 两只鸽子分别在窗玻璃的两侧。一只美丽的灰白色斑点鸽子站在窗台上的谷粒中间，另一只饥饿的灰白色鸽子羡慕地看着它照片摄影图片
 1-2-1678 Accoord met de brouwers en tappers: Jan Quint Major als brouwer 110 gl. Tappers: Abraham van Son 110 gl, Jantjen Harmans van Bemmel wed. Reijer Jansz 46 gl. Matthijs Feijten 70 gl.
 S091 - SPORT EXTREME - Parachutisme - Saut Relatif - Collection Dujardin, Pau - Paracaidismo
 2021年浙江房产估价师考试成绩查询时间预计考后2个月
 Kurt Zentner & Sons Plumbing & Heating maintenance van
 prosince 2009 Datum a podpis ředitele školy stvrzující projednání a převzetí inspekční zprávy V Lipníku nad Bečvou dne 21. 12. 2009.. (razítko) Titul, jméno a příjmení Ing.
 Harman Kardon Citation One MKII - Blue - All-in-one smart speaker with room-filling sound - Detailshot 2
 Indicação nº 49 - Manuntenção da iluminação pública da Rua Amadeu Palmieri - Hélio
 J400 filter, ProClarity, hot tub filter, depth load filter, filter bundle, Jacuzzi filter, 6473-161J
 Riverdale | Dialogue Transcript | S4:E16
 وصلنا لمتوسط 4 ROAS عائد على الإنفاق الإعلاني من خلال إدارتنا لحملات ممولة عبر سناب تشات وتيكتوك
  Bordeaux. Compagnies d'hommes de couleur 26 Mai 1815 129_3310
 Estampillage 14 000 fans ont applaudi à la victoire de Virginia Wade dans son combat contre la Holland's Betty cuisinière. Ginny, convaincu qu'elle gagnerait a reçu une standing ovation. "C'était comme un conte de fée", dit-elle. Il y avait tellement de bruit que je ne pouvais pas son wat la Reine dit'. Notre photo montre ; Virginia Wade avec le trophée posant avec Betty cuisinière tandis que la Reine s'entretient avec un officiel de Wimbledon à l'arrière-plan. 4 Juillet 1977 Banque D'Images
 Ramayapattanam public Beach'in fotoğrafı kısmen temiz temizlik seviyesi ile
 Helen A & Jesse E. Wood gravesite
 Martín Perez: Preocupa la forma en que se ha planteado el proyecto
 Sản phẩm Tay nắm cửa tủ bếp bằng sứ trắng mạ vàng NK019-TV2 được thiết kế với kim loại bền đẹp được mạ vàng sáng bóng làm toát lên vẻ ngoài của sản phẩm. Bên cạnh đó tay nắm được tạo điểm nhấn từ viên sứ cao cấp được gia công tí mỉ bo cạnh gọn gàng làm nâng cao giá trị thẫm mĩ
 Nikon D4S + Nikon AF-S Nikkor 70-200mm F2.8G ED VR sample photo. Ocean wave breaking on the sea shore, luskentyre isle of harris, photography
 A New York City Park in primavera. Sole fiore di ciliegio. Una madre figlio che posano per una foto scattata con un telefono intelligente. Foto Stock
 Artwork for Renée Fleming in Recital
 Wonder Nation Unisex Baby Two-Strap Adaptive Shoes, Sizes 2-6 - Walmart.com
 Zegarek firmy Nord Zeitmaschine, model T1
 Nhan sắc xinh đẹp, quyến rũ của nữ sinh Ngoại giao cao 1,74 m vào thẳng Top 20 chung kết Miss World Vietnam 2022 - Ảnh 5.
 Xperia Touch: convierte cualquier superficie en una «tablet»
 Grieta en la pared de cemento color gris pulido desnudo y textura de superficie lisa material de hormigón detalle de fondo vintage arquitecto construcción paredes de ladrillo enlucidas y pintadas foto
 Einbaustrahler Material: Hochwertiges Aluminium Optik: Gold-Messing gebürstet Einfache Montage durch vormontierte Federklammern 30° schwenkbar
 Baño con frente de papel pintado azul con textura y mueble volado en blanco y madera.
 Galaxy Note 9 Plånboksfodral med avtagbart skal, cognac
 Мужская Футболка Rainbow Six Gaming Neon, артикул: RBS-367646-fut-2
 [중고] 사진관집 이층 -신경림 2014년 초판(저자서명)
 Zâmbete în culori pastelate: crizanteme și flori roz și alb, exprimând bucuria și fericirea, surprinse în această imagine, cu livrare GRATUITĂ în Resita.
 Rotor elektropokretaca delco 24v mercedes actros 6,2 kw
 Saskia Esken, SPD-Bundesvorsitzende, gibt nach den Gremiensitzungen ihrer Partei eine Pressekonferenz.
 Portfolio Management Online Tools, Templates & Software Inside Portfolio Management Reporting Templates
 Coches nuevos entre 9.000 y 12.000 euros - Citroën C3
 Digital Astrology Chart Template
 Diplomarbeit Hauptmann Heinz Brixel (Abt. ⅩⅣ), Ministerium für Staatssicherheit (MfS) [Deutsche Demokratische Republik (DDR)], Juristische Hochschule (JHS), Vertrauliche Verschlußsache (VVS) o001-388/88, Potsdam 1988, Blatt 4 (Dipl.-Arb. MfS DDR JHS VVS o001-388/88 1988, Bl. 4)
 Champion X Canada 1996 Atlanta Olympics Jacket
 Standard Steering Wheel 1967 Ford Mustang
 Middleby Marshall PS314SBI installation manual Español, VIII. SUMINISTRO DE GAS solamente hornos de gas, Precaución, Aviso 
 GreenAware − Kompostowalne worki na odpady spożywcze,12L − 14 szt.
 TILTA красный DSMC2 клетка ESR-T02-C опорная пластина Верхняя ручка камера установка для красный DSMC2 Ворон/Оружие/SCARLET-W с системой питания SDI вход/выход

◇ ◇ ◇

- **Work item**:
Return every line from the entries that holds the string "superficie".

- **Task solution**:
 Xperia Touch: convierte cualquier superficie en una «tablet»
 Grieta en la pared de cemento color gris pulido desnudo y textura de superficie lisa material de hormigón detalle de fondo vintage arquitecto construcción paredes de ladrillo enlucidas y pintadas foto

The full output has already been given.